● **TASK OBJECTIVE**
All the data below goes into the copy word for word, but the pictures don't.

── RECORDED DATA

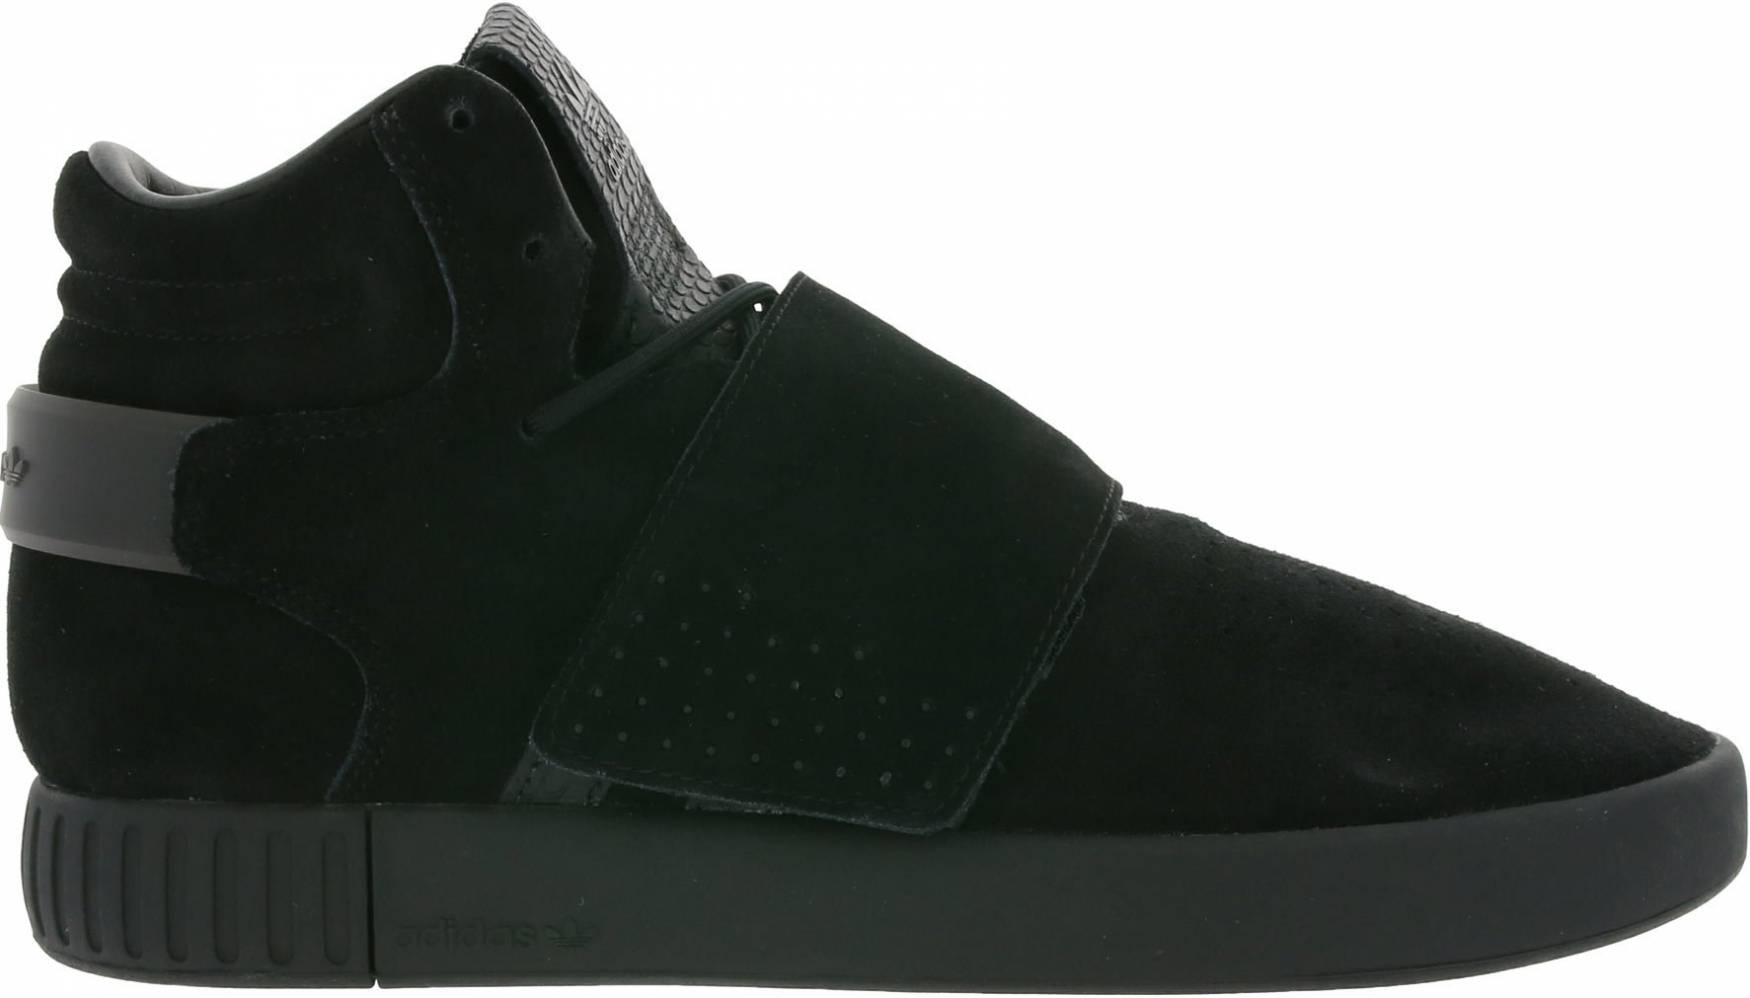 Adidas Tubular Invader Strap sneakers in 10 colors (only $69 ...
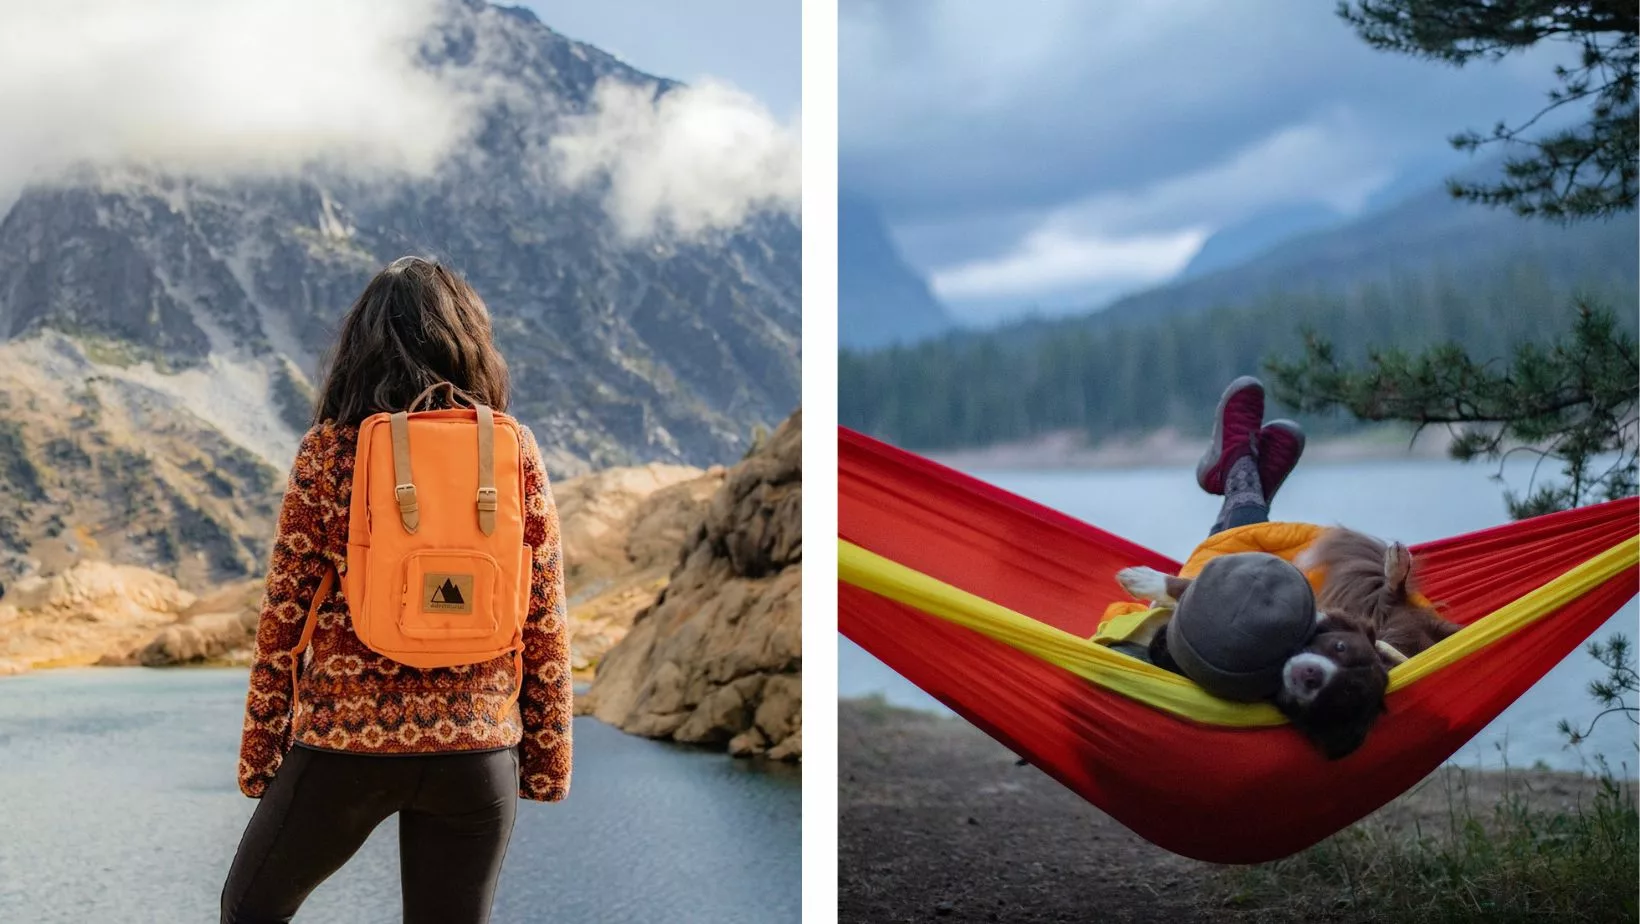 A Guide to Buying Vegan Outdoor Gear - Explore Magazine
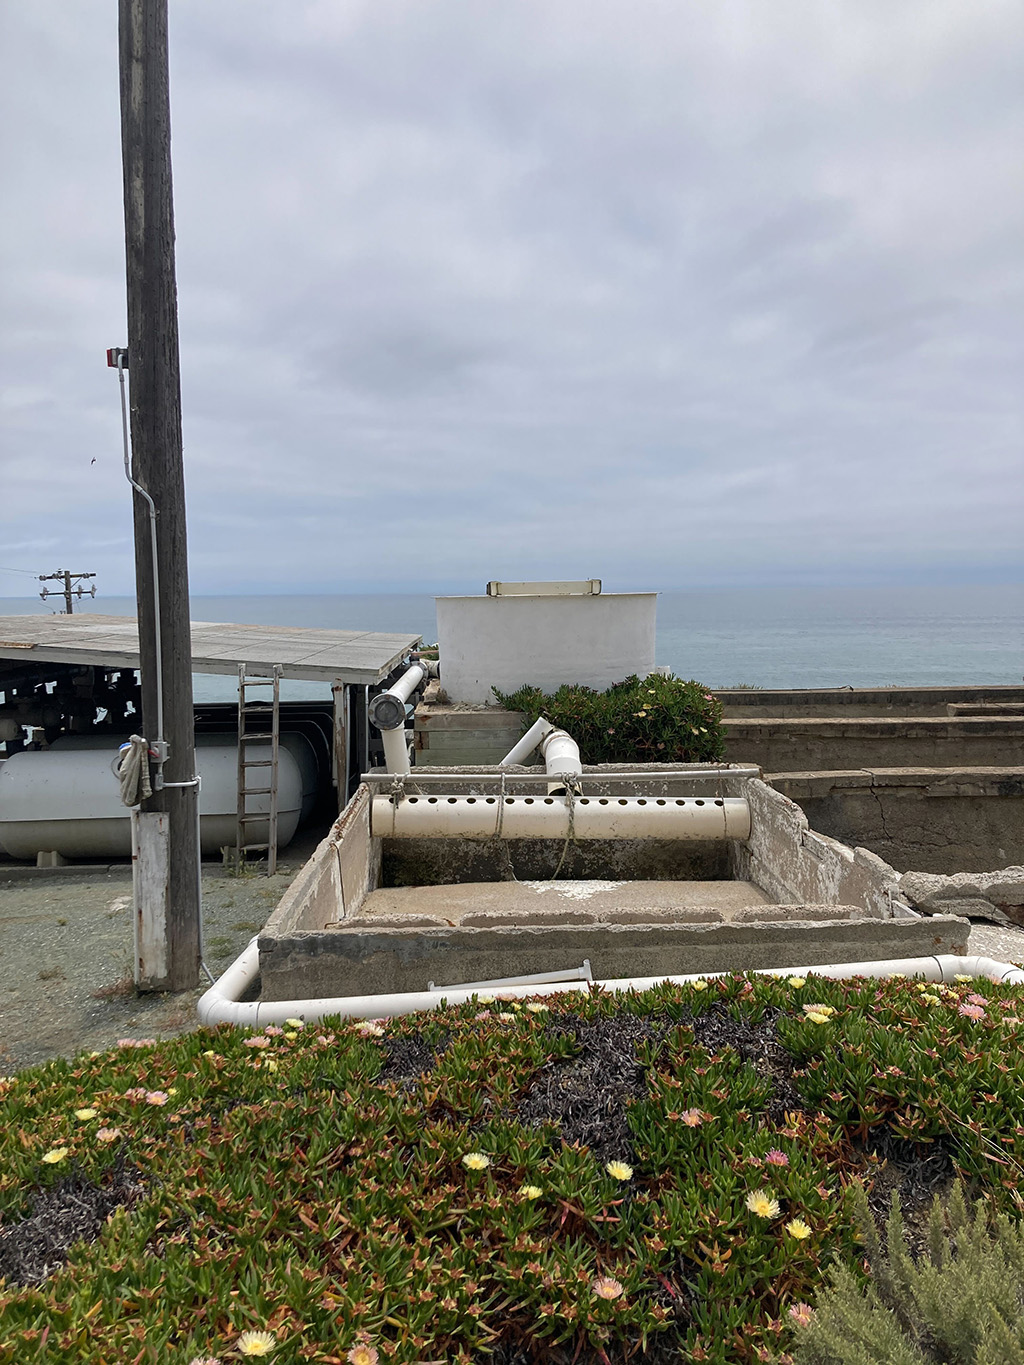 A tall pole stands next to a large concrete tank. Flowering ice plant is visible in the foreground, and the gray sky and ocean blend together in the background.

────

● **COMPLETED EXERCISE**
 Adidas Tubular Invader Strap sneakers in 10 colors (only $69 ...
 A Guide to Buying Vegan Outdoor Gear - Explore Magazine
 A tall pole stands next to a large concrete tank. Flowering ice plant is visible in the foreground, and the gray sky and ocean blend together in the background.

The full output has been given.